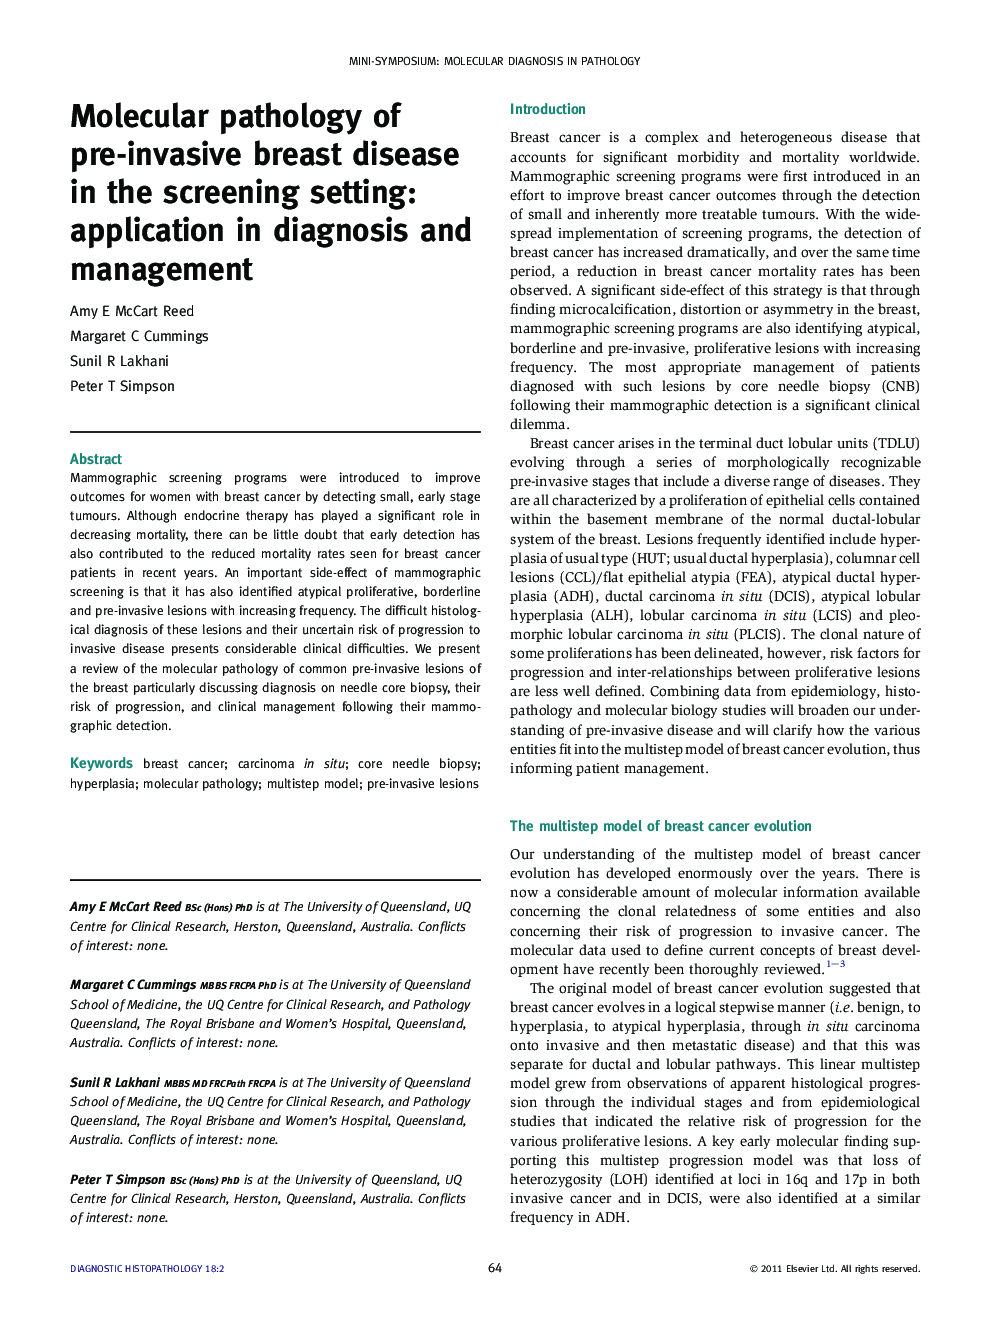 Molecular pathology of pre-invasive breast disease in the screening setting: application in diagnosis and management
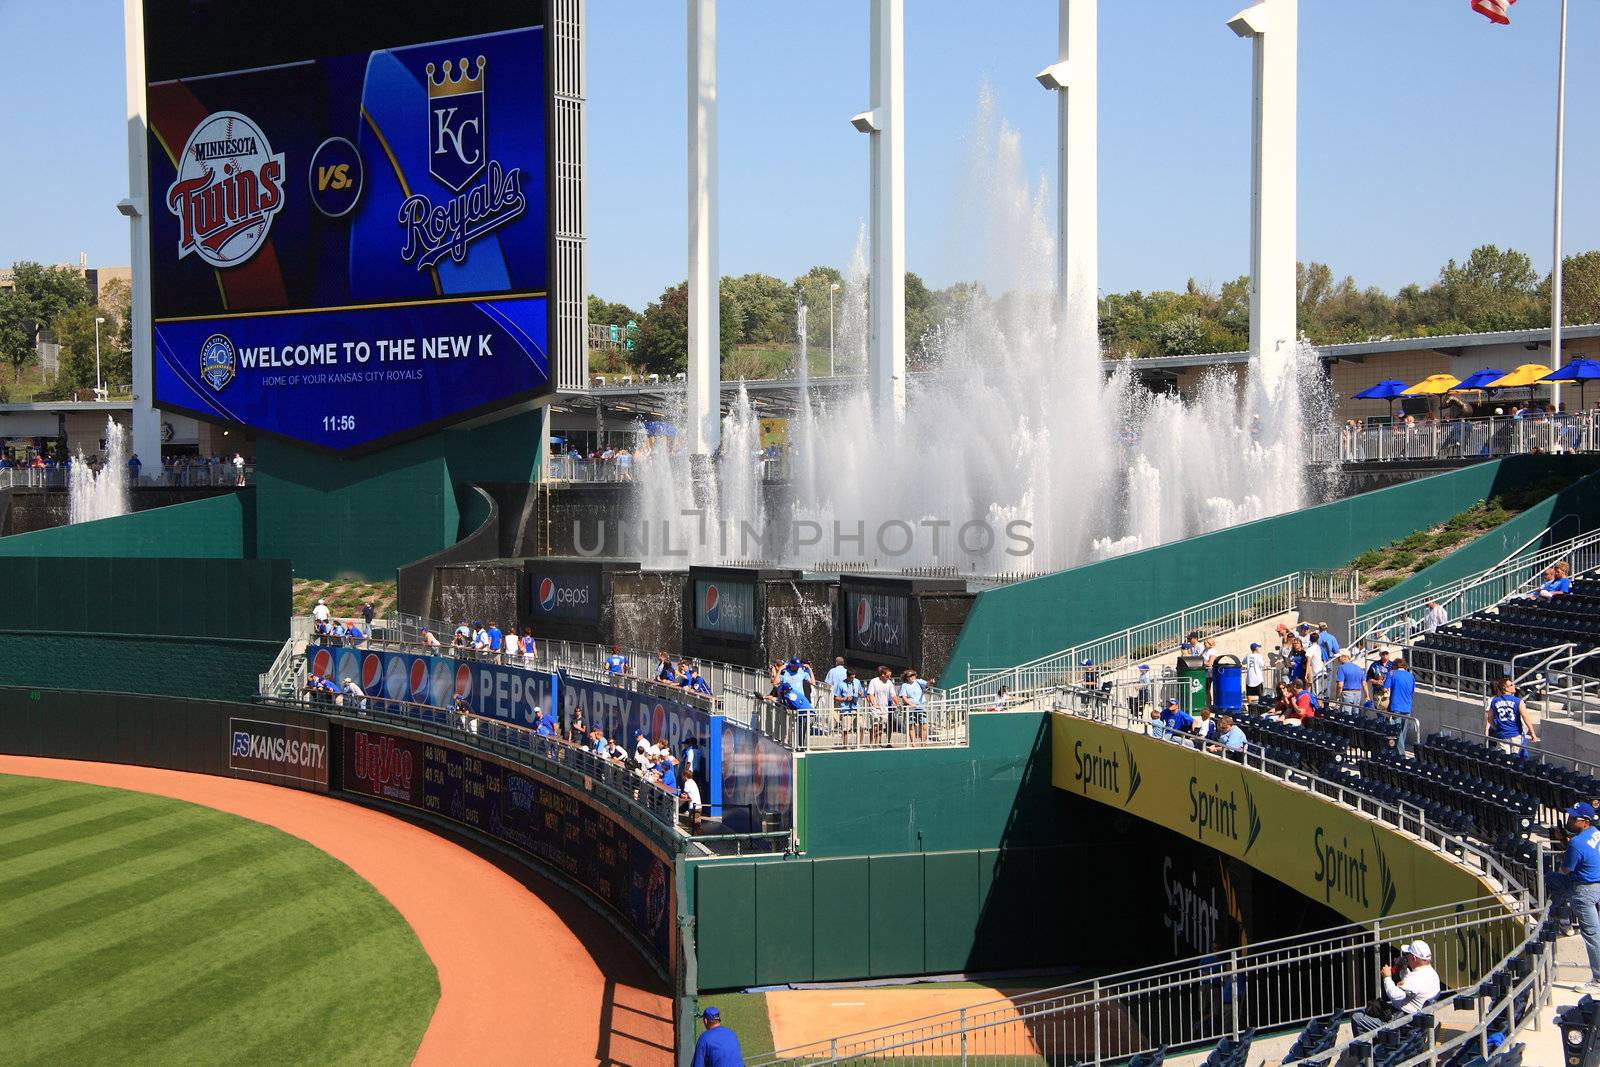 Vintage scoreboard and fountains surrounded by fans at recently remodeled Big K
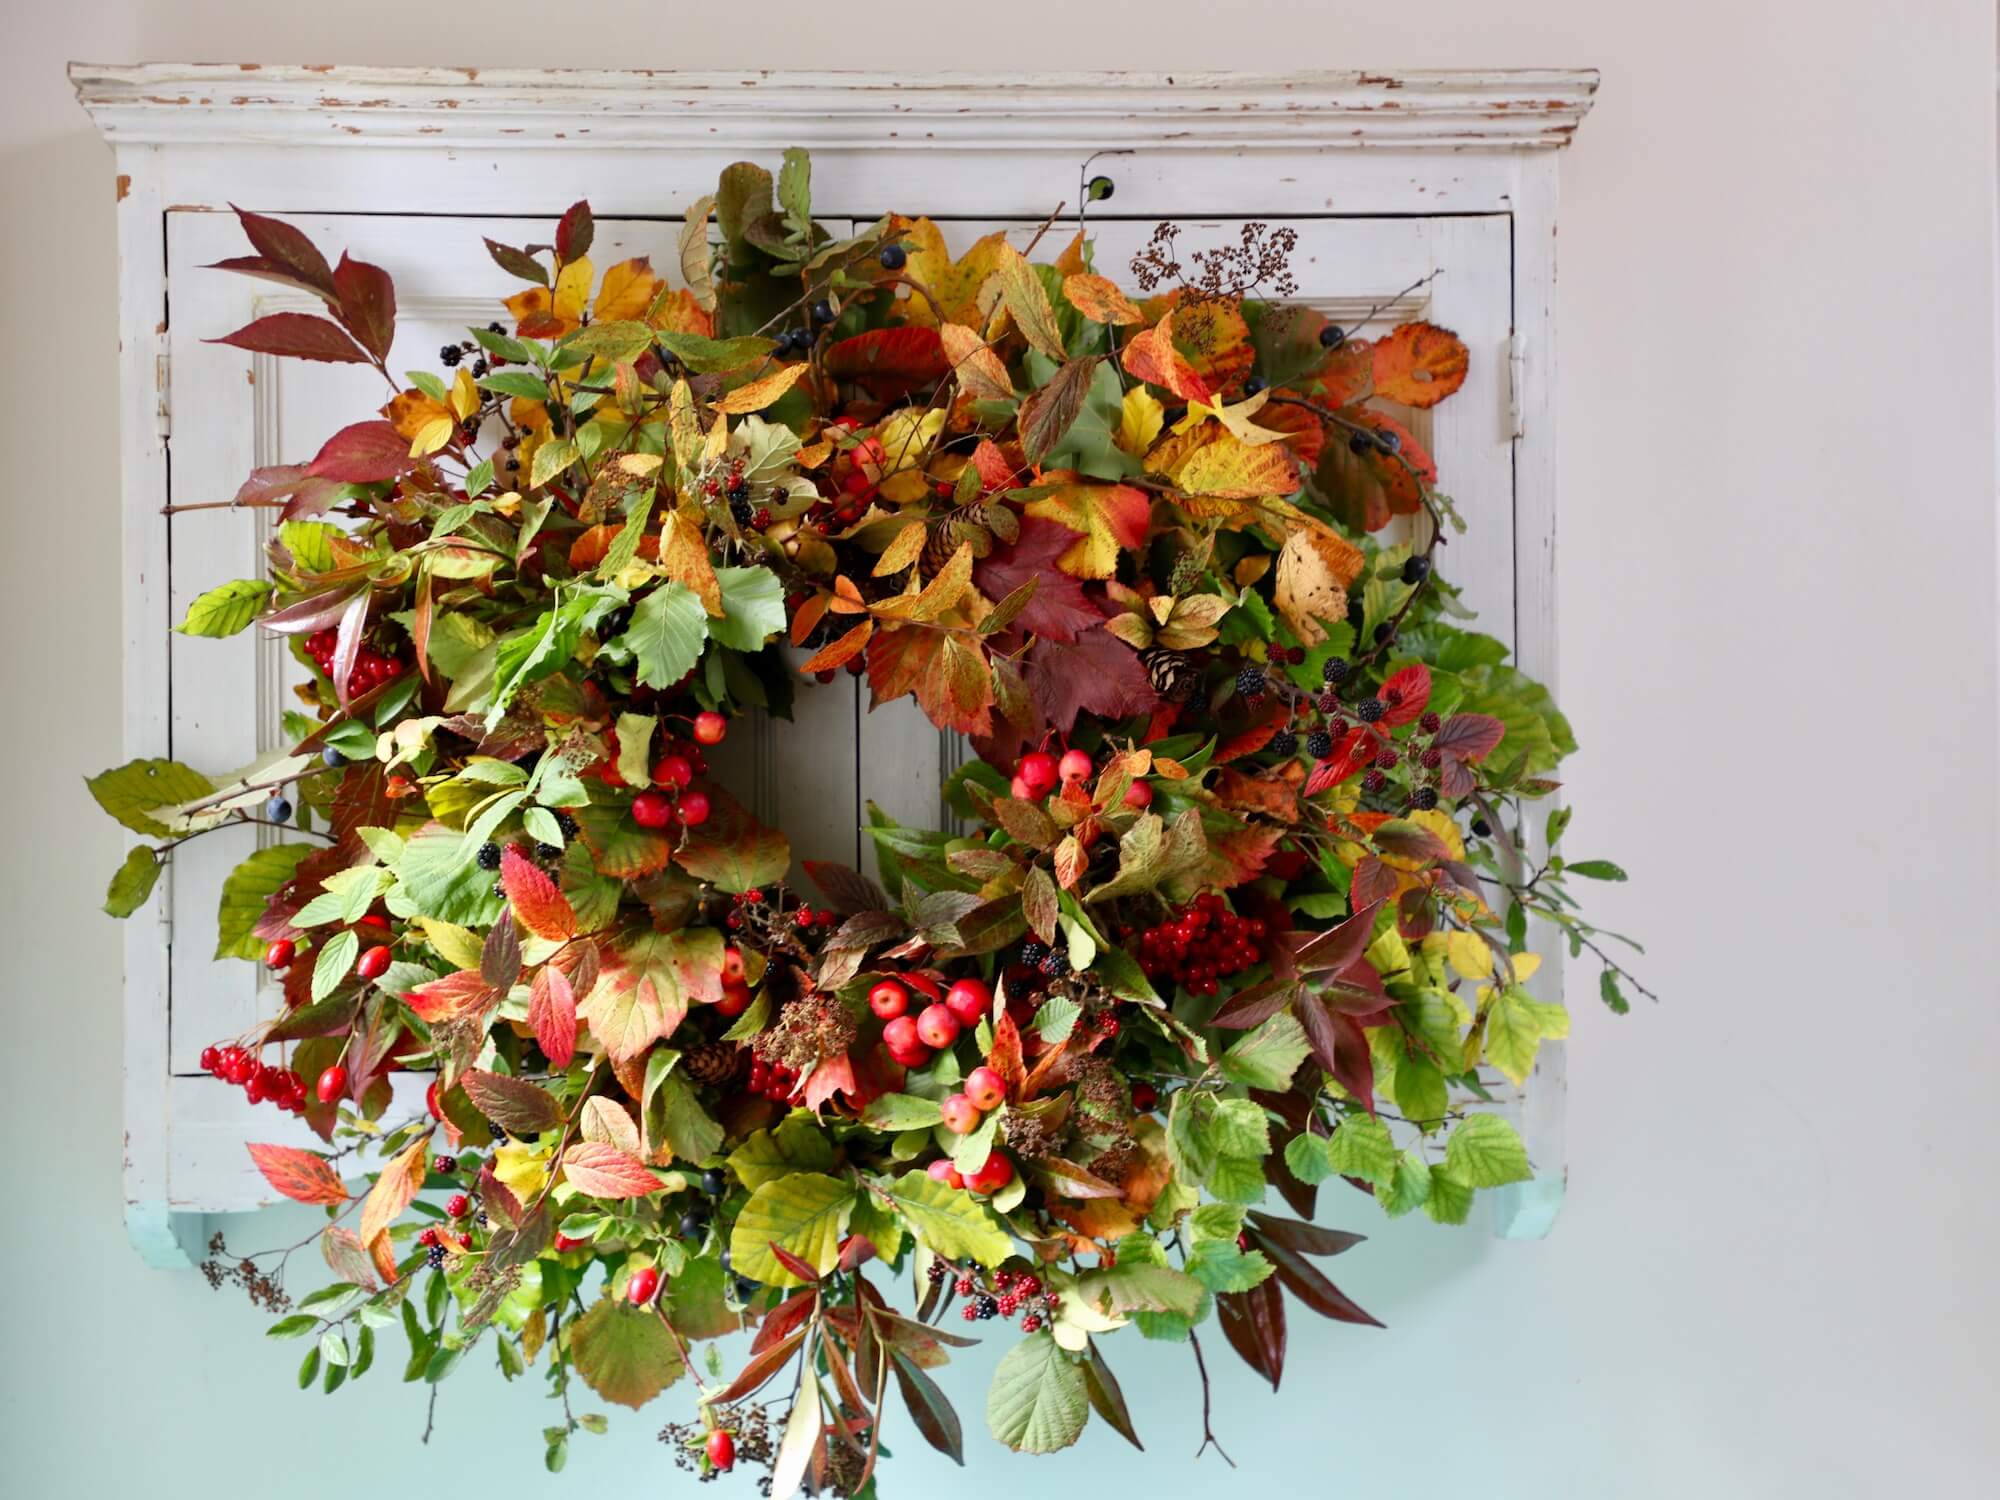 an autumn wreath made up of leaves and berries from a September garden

_ _ _ _ _

Please retype the material above exactly, and omit its images.

Response to this task:
 Molecular pathology of pre-invasive breast disease in the screening setting: application in diagnosis and management
 Vintage scoreboard and fountains surrounded by fans at recently remodeled Big K
 an autumn wreath made up of leaves and berries from a September garden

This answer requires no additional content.